Brad Knowles said 3:46AM on 9-02-2009
Tim,
Ironically, we were discussing this very same box on a mailing list I'm on, and I just discovered that one of the Yahoo! Storage Admins happens to be on the same list. I basically made the same comments there that I made here -- and he agreed with me 100%. Yahoo! does not use home-grown devices like this, but they do have 100s and 100s of PB of storage from one of the well-known vendors. And it's worth every penny to them.
Now, if I were going to go the "homebuilt" route and try to get ~50TB of usable storage out of a single box, I'd probably start with a case that already exists from one of the reasonably well-known vendors. It just so happens that Chenbro has a 9U case that fits fifty 3.5" drives (see http://www.chenbro.com/corporatesite/products_detail.php?sku=45 ).
No, this isn't as compact as your box, but then we have people on our staff with extensive experience with Sun J4500 and X4500 boxes, and they know first-hand just how much heat is generated by all those drives when they're locked up tightly in that enclosure, and the greatly increased probability of a stupid human error being made with all those drives being crammed in there so close to each other and vertically oriented. Not to mention the fact that if you mount enough of your style of boxes in a rack, there is a very serious safety hazard if you were to pull out the top one in the rack in order to try to do any maintenance on them. If you've ever had a 42U rack with thousands of pounds of equipment fall on you, then you know what I mean.

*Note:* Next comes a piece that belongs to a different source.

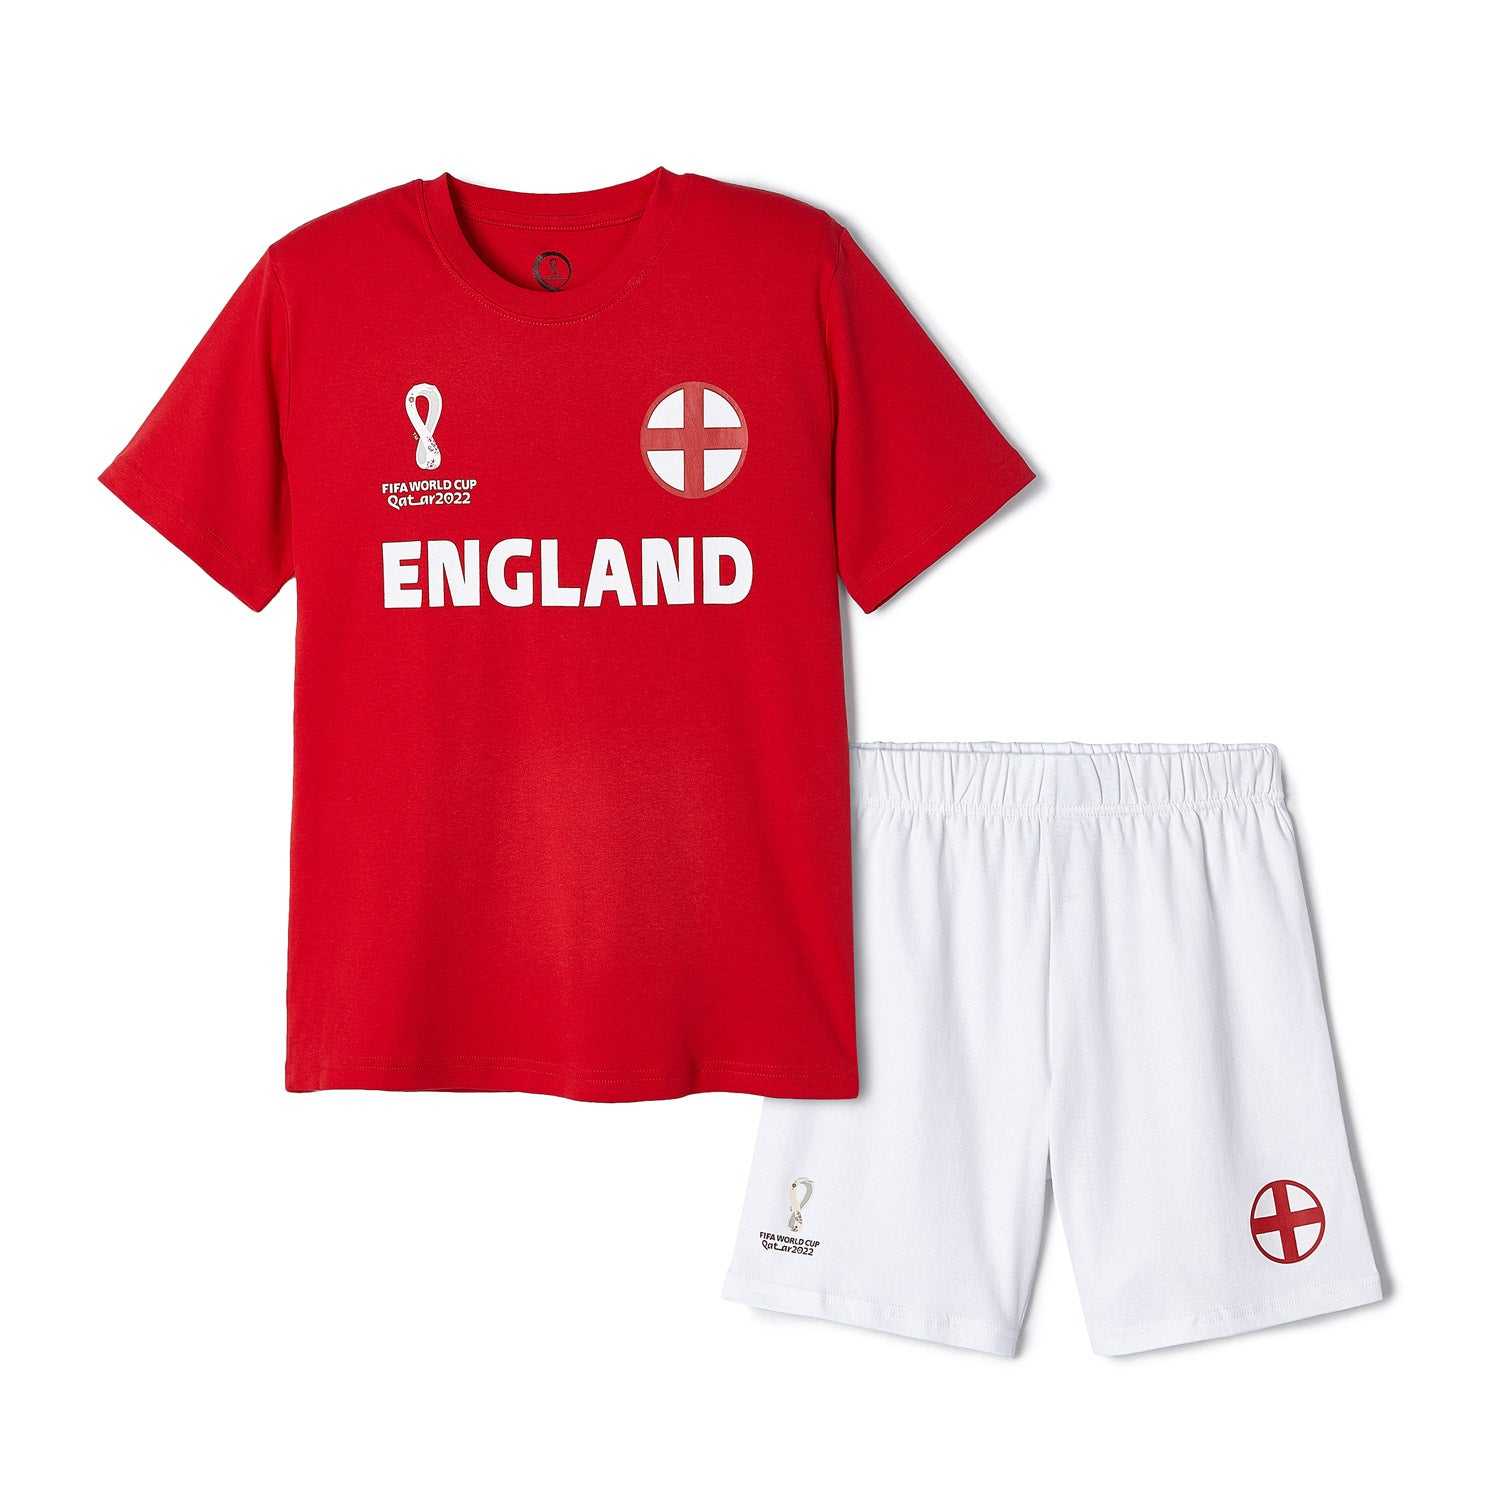 2022 World Cup England Red T-Shirt - Youth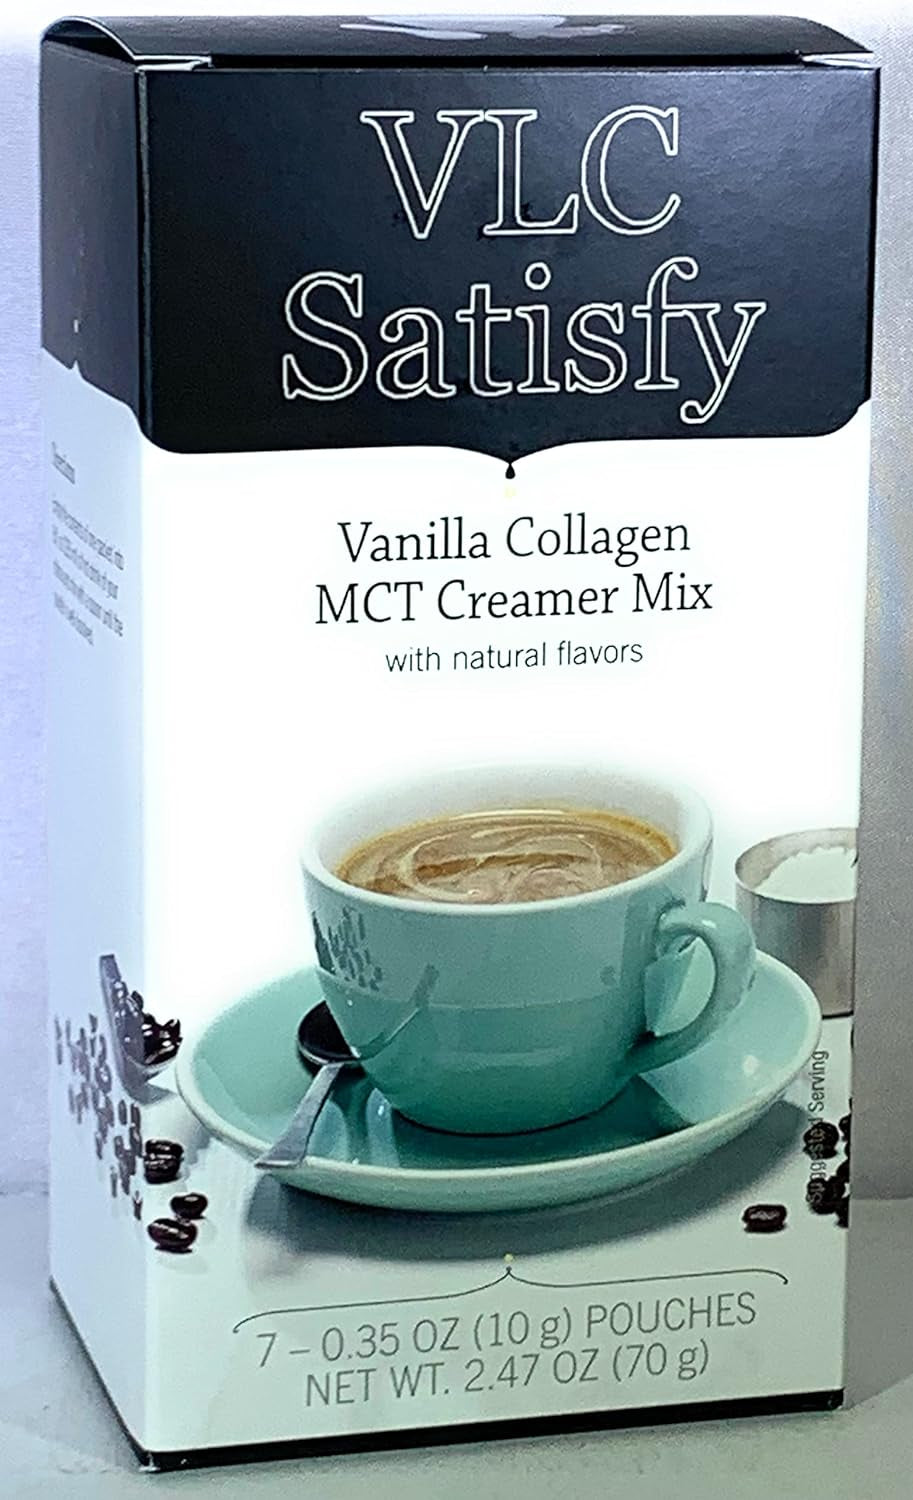 Proti King Very Low Carb Vanilla Collagen Medium Chain Triglycerides Creamer Mix - 7 Servings - 60 Calories - 3 G Protein - 1G NET Carb

In contrast, the Chenbro case has the drives directly accessible from the front, so you don't need to slide out the whole case to replace a drive, and in fact you can replace the drives "hot" (which your design does not allow for). They've also already worked out the power supply issues (3+1), as well as the drive controller issues.
In addition, most datacenters are not equipped to handle ultra-high power density equipment, such as the sort you designed. In many facilities you'd be lucky to be able to get 10kW per rack, so your choices would either be to have the racks half-filled and have twice as many of them, or have larger cases that more completely fill the racks while they also provide other benefits. Your 4U units that pull about 1.5kW each would work out to about 15kW per rack (ten 4U boxes per 42U rack).
Anyway, I'm sure they work well for you, because you designed them to do that. My point is that this particular design would not necessarily be so useful to most other people who might need storage devices. And unless you're operating on the scale of Yahoo!, Google, or the Internet Archive, you're not likely to be able to get the economies of scale that would be the real payoff when you start designing your own hardware.
Marc Tatossian said 6:54PM on 9-01-2009
Wow, A petabyte of iTunes music. Imagine the never ending coverflow!!!
Reply
bob said 6:57PM on 9-01-2009
...or the never loading artwork ;)
Ryan Trevisol said 8:31AM on 9-02-2009
You'd need a Snow Leopard 8-Core Mac Pro with 32GB of ram just to smoothly scroll the cover flow.
Problem is, your god-forsaken Mighty Mouse ball would gum up before you got past "ABBA".
Wilbur said 7:51PM on 9-01-2009
So I have to ask -- how many GB did your client's iTunes library take up?
Reply
MikeWard1701 said 8:25PM on 9-01-2009
I'm wondering the same thing, and the number of songs?